PACHELBEL Un orage d'avril

Author: 
Lindsay Kemp
PACHELBEL Un orage d'avrilPACHELBEL Un orage d'avril

PACHELBEL Un orage d'avril

  • Musicalische Ergötzung, 'Musical entertainment', Partie V in C
  • Wie nichtig? Ach! Wie flüchtig
  • Musicalische Ergötzung, 'Musical entertainment', Partie II in C minor
  • Das Gewitter im Aprilen
  • Musicalische Ergötzung, 'Musical entertainment', Partie VI in B flat
  • Musicalische Ergötzung, 'Musical entertainment', Partie a 4 in G
  • Mein Leben, dessen Creutz für mich
  • Musicalische Ergötzung, 'Musical entertainment', Partie III in E flat
  • Musicalische Ergötzung, 'Musical entertainment', Partie IV in E minor
  • Guter Walther unser Raths
  • Musicalische Ergötzung, 'Musical entertainment', Partie I in F
  • O großes Musenliecht
  • Canon and Gigue

The title of this release and the glowering skyscape on its cover are pure marketing – the piece from which the title comes is not about April weather at all – but I don’t think anyone lured by it into buying a disc of 17th-century chamber music need feel aggrieved. We don’t get enough reminders that Pachelbel was a real composer of quality chamber music, yet here is his complete Musikalische Ergötzung of 1695, consisting of six ‘Parthien’ (or suites) for two violins and continuo. Add in a seventh, unpublished suite, six secular songs and the Canon and Gigue, and these are ‘musical pleasures’ indeed.
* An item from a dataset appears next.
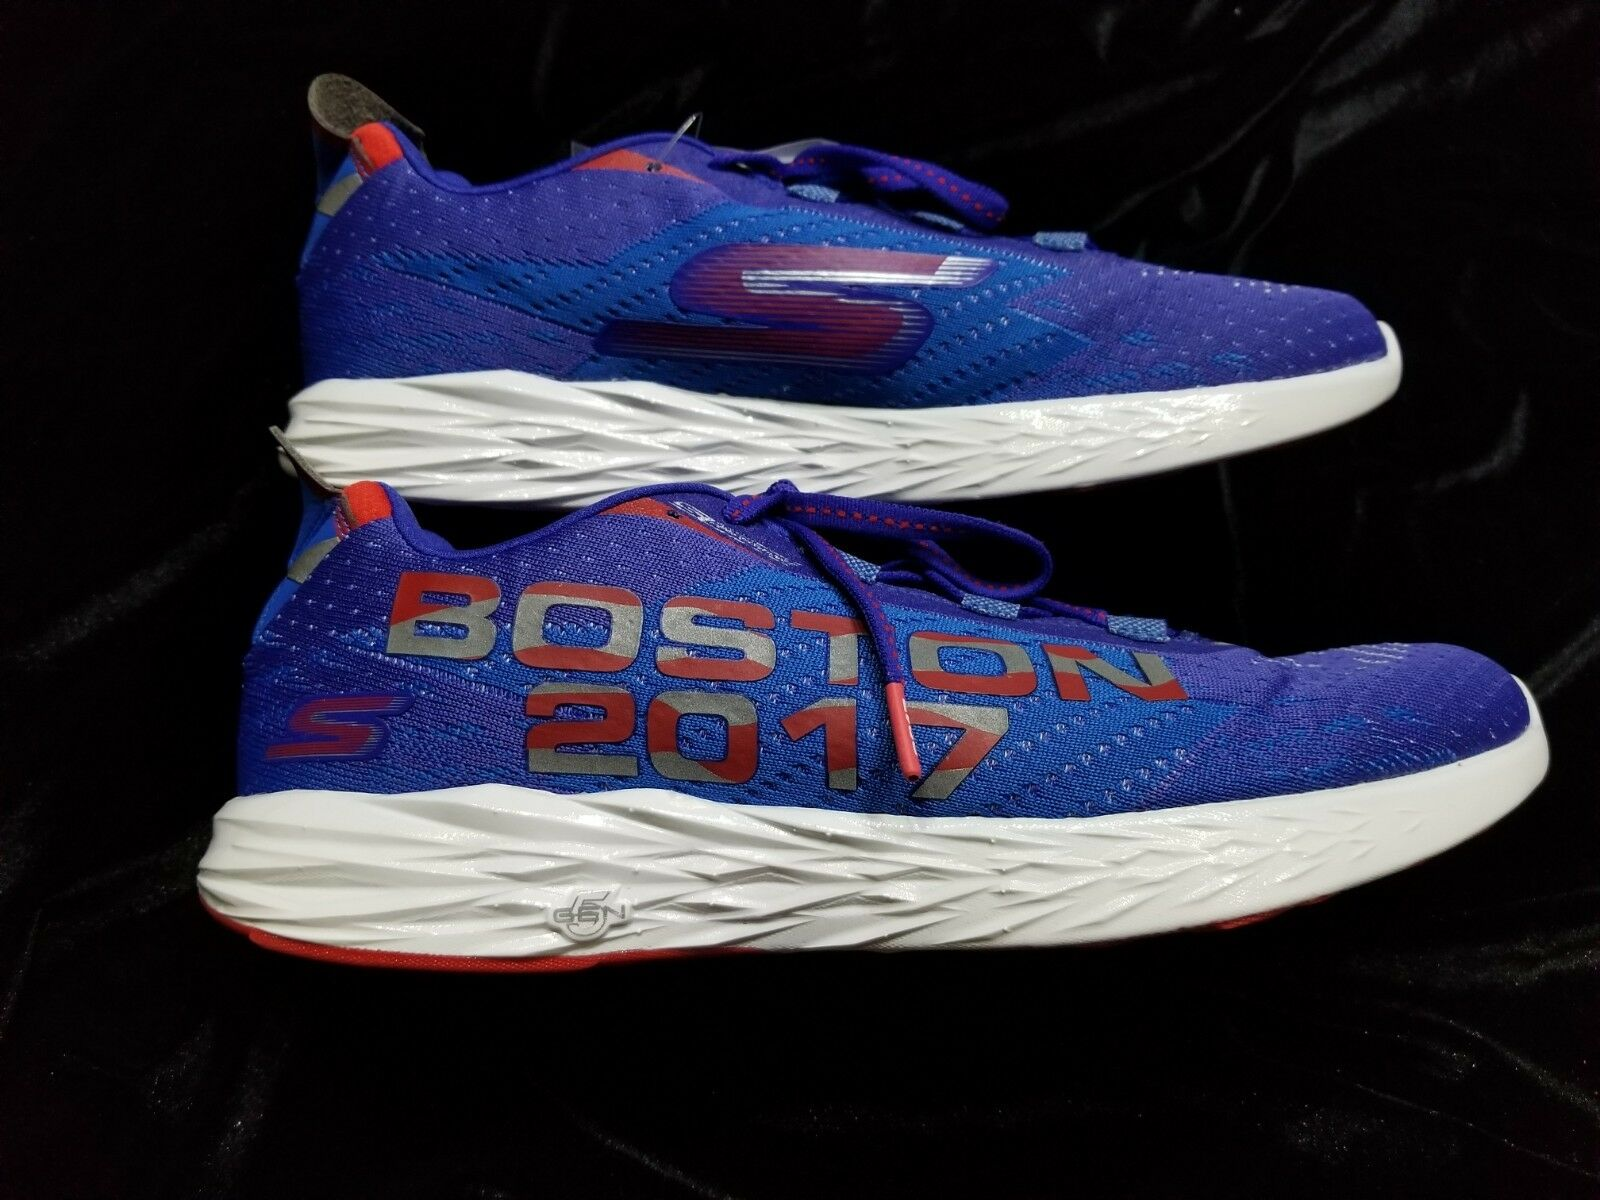 Brand New Skechers Go Run 5 Boston 2018 Blue Running Shoes - Mens Size 10

If April is a red herring, the presence elsewhere in the artwork of Brueghel is more apt, for Pachelbel’s music has a strong sense of connection with the world. The songs deal feelingly with death, the perfidy of princes (that’s the April showers one), ‘Good Councillor Walther’ and a nameless patron, while the suites, for all their restless counterpoint, never lose touch with their grounded choreographic roots. Fine music, then, but not rarefied.

In Gli Incogniti it finds itself in expert hands. There is depth and sweetness to their sound, clarity and busyness to their counterpoint, and buoyancy to their expression of rhythm and line. They are as able to inhabit serious melancholy (in Partie IV for instance) as to access a sense of fun for dances such as the Aria of the ‘Partie a 4’ (to which they add a rat-a-tat finger-on-wood accompaniment) or in the occasional playful burst of pizzicato. Likewise, in the unassumingly strophic songs, they can quickly summon a mood, most movingly when viola-comforted death is the subject; Hans Jörg Mammel’s clear but plangent tenor helps, though I wish he had more ease of movement. The Canon is intelligently done, its slowly changing countenance subtly observed, and closing not in grandiose climax but gentle farewell. Less chiselled than London Baroque’s muscly 1994 recording, and more in tune than that of Les Cyclopes (7/95), this release is well worth your time.